Before hunting for bugs, detect the tech stack and build an explicit mental model of the codebase. This phase changes HOW you think for the rest of the audit.
Stack detection:
ls package.json tsconfig.json 2>/dev/null && echo "STACK: Node/TypeScript"
ls Gemfile 2>/dev/null && echo "STACK: Ruby"
ls requirements.txt pyproject.toml setup.py 2>/dev/null && echo "STACK: Python"
ls go.mod 2>/dev/null && echo "STACK: Go"
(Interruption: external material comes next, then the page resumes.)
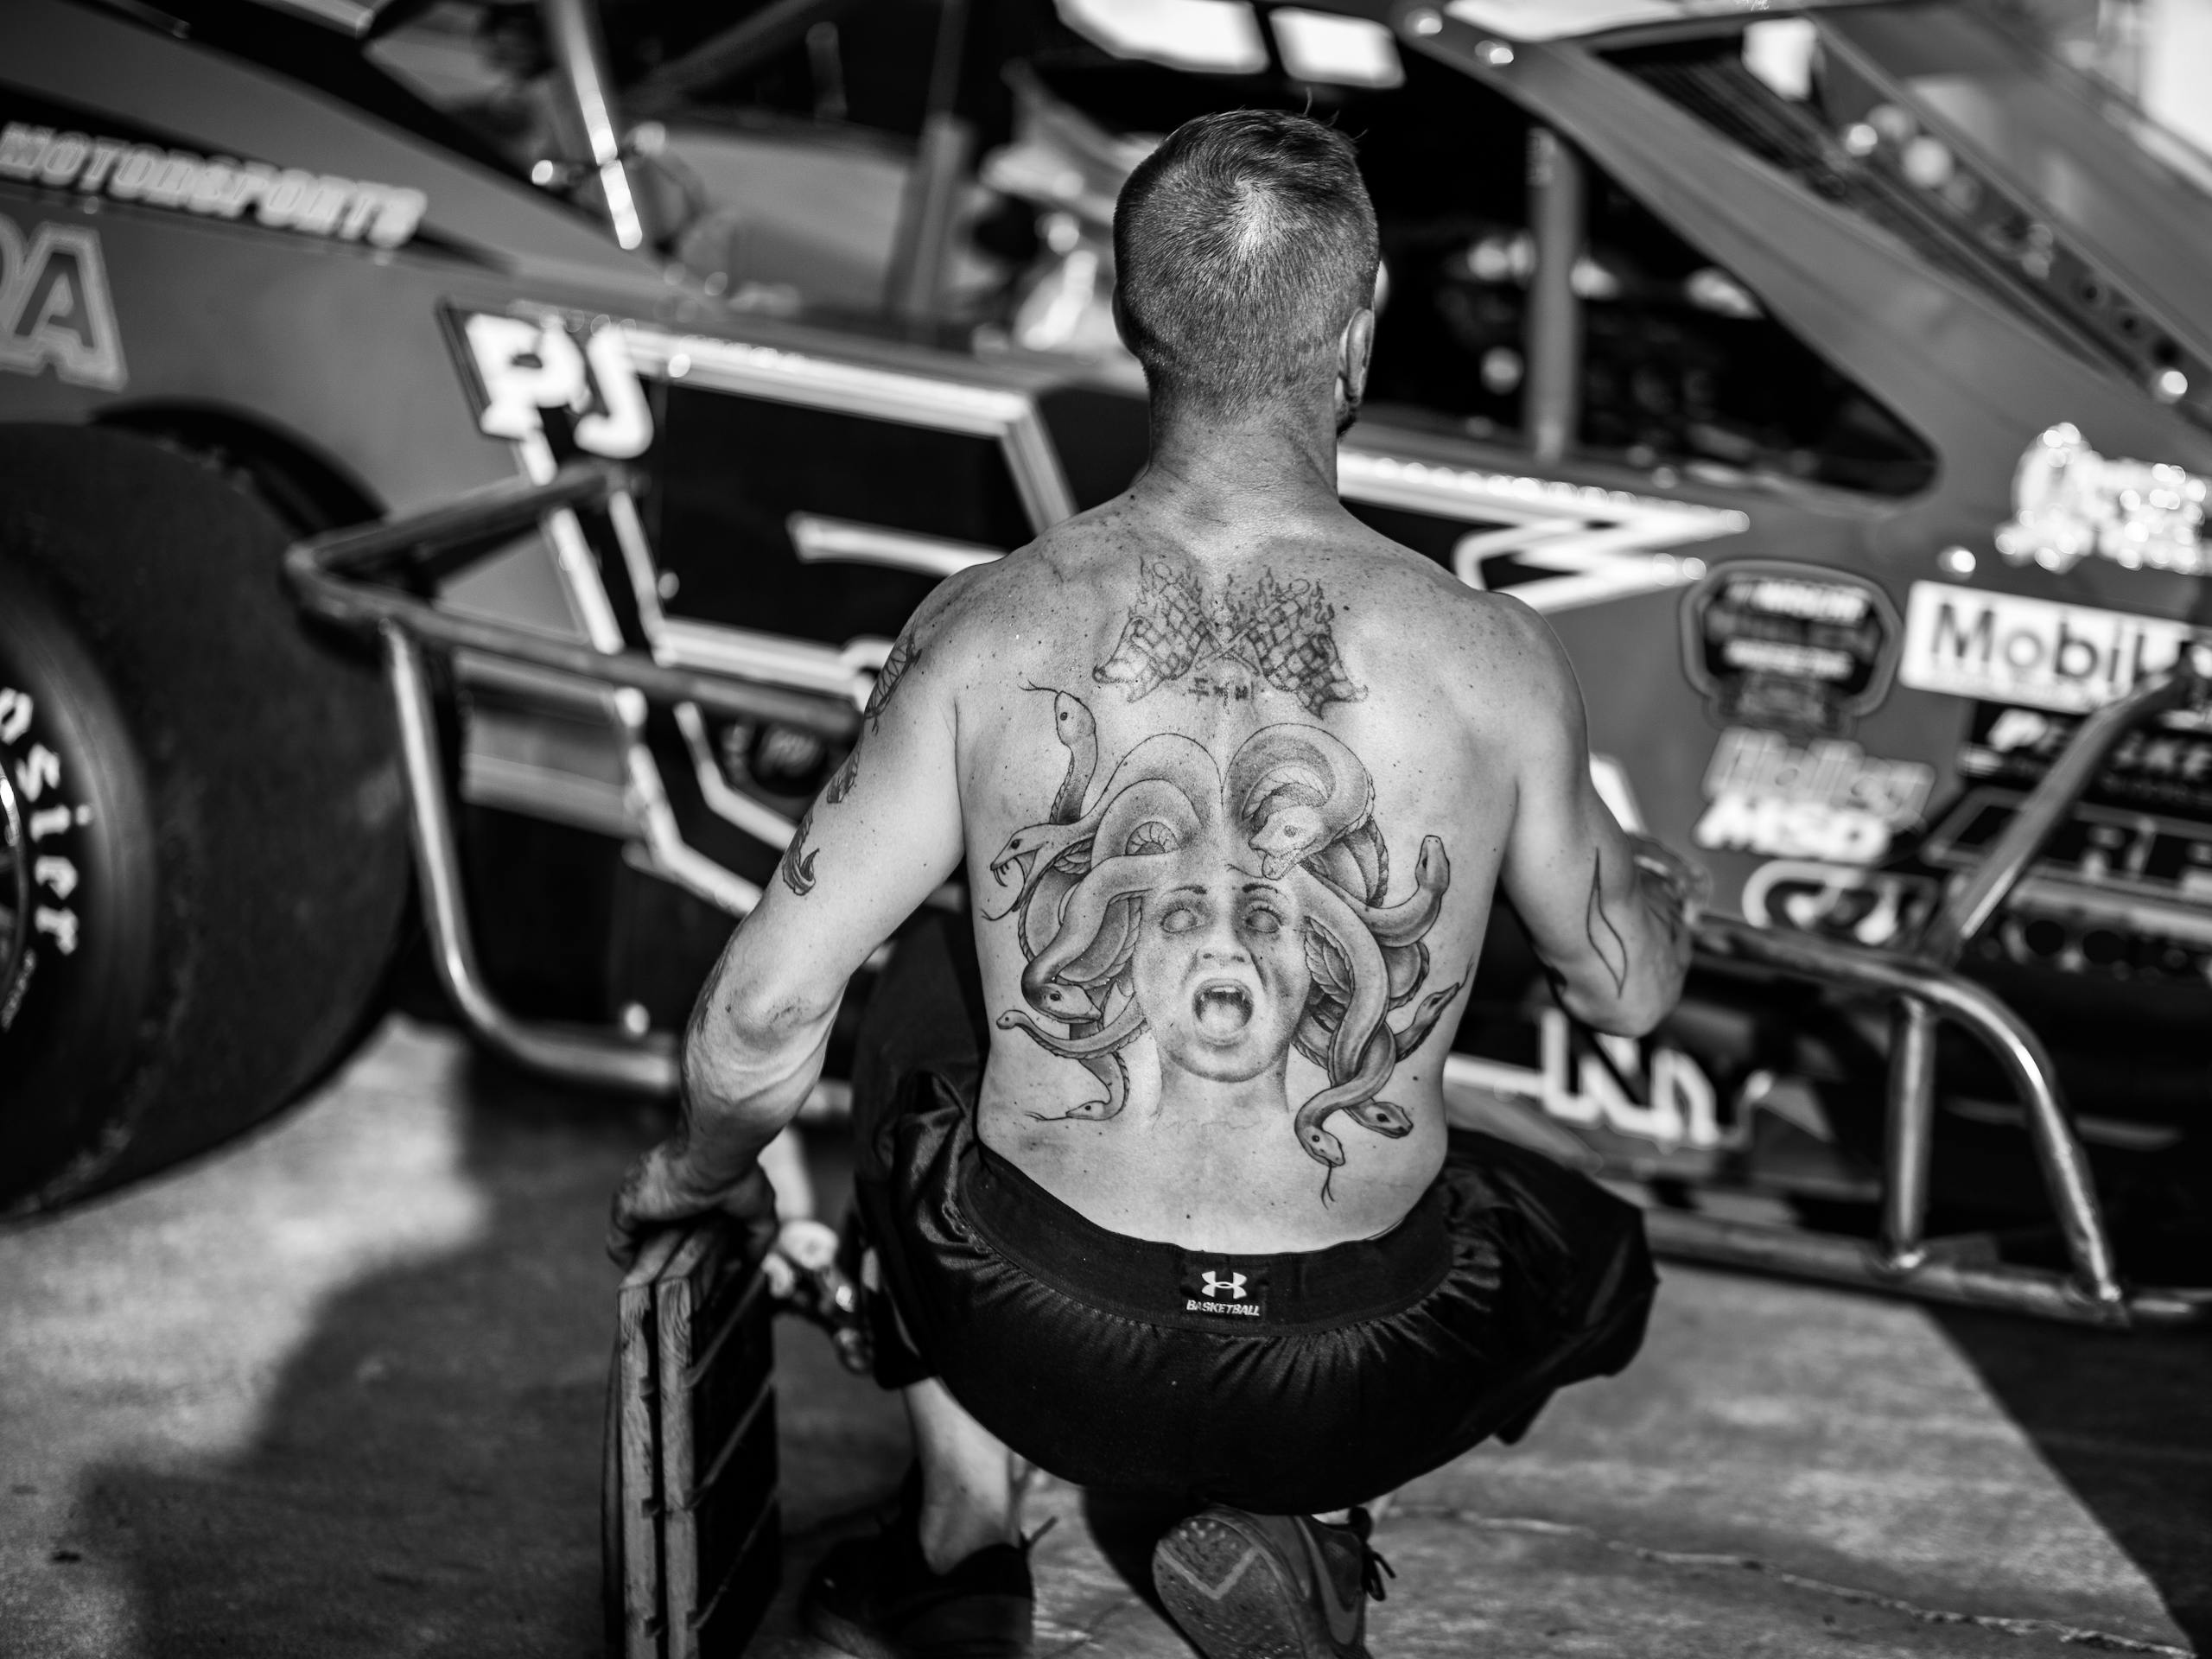 Grassroots racing atmosphere medusa back tattoo patron

ls Cargo.toml 2>/dev/null && echo "STACK: Rust"
ls pom.xml build.gradle 2>/dev/null && echo "STACK: JVM"
ls composer.json 2>/dev/null && echo "STACK: PHP"
find . -maxdepth 1 \( -name '*.csproj' -o -name '*.sln' \) 2>/dev/null | grep -q . && echo "STACK: .NET"Framework detection:
grep -q "next" package.json 2>/dev/null && echo "FRAMEWORK: Next.js"
grep -q "express" package.json 2>/dev/null && echo "FRAMEWORK: Express"
grep -q "fastify" package.json 2>/dev/null && echo "FRAMEWORK: Fastify"
grep -q "hono" package.json 2>/dev/null && echo "FRAMEWORK: Hono"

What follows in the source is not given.